Dichelus sulcatus

Scientific classification
- Kingdom: Animalia
- Phylum: Arthropoda
- Class: Insecta
- Order: Coleoptera
- Suborder: Polyphaga
- Infraorder: Scarabaeiformia
- Family: Scarabaeidae
- Genus: Dichelus
- Species: D. sulcatus
- Binomial name: Dichelus sulcatus (Burmeister, 1844)
- Synonyms: Ischnochelus sulcatus Burmeister, 1844;

= Dichelus sulcatus =

- Genus: Dichelus
- Species: sulcatus
- Authority: (Burmeister, 1844)
- Synonyms: Ischnochelus sulcatus Burmeister, 1844

Species of beetle

Dichelus sulcatus is a species of beetle of the family Scarabaeidae.

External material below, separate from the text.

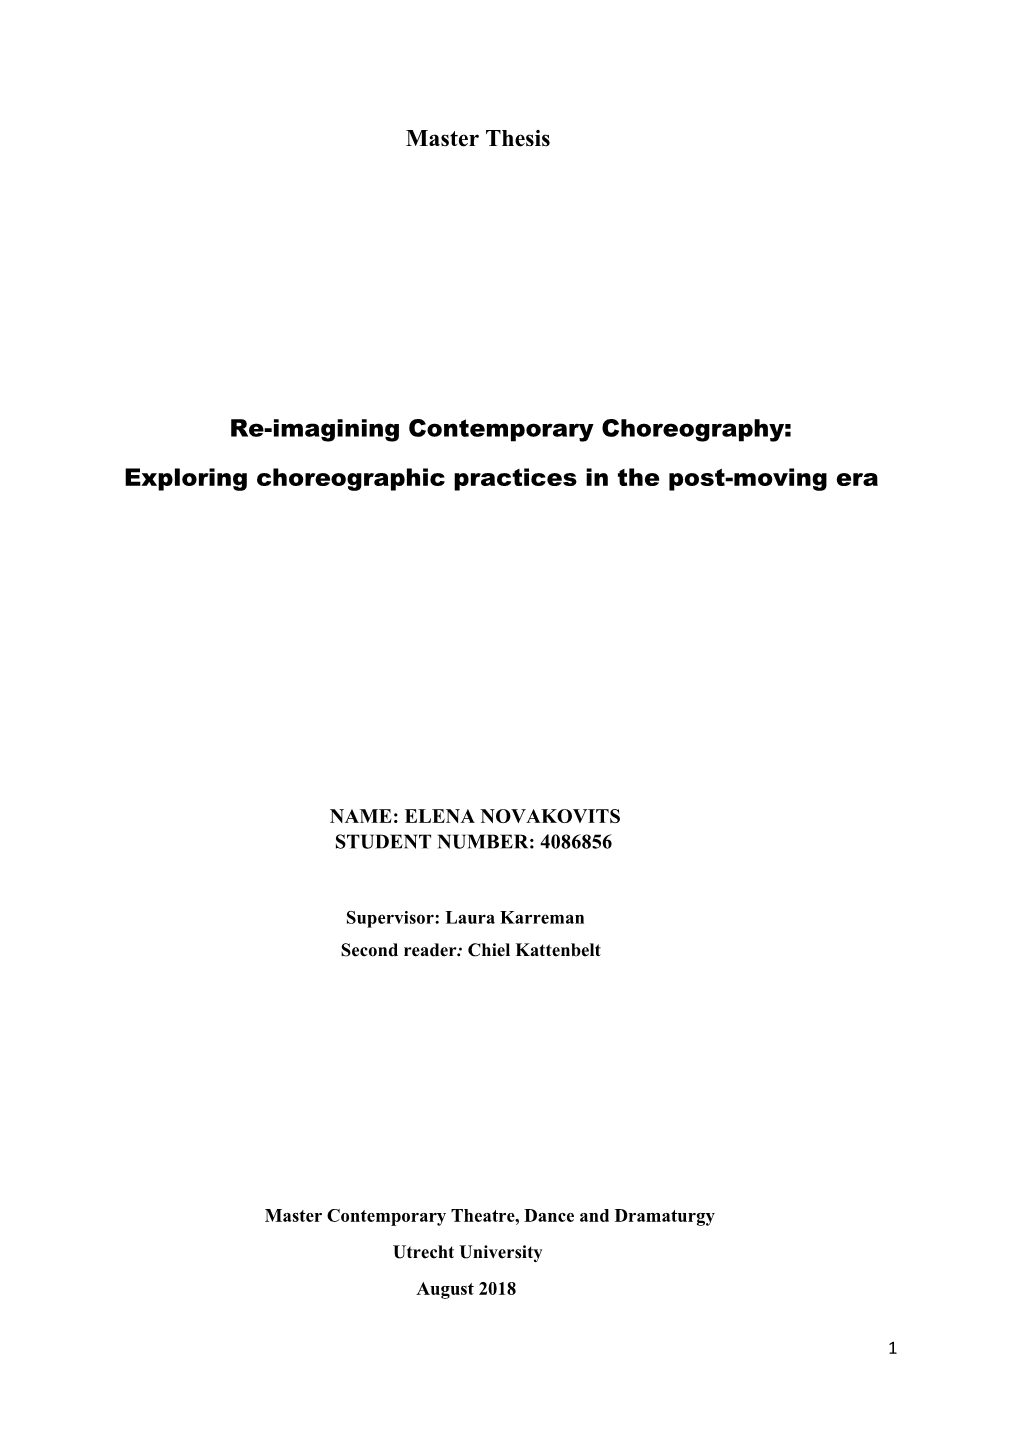 Master Thesis Re-Imagining Contemporary Choreography

It is found in South Africa (Northern Cape).

== Description ==
Adults reach a length of about 4.5-5 mm. They are similar to Dichelus minutus. The colour and sculpture are identical, but the general facies is a little more elongate, and instead of squamose appressed hairs the intervals on the elytra are filled with round bright yellow scales which also form a narrow band on the apical margin. The apical part of the propygidium and the pygidium are clothed with nearly contiguous, round, thick, yellow scales, while only the edges of the abdominal segments are scaly, and the scales are white.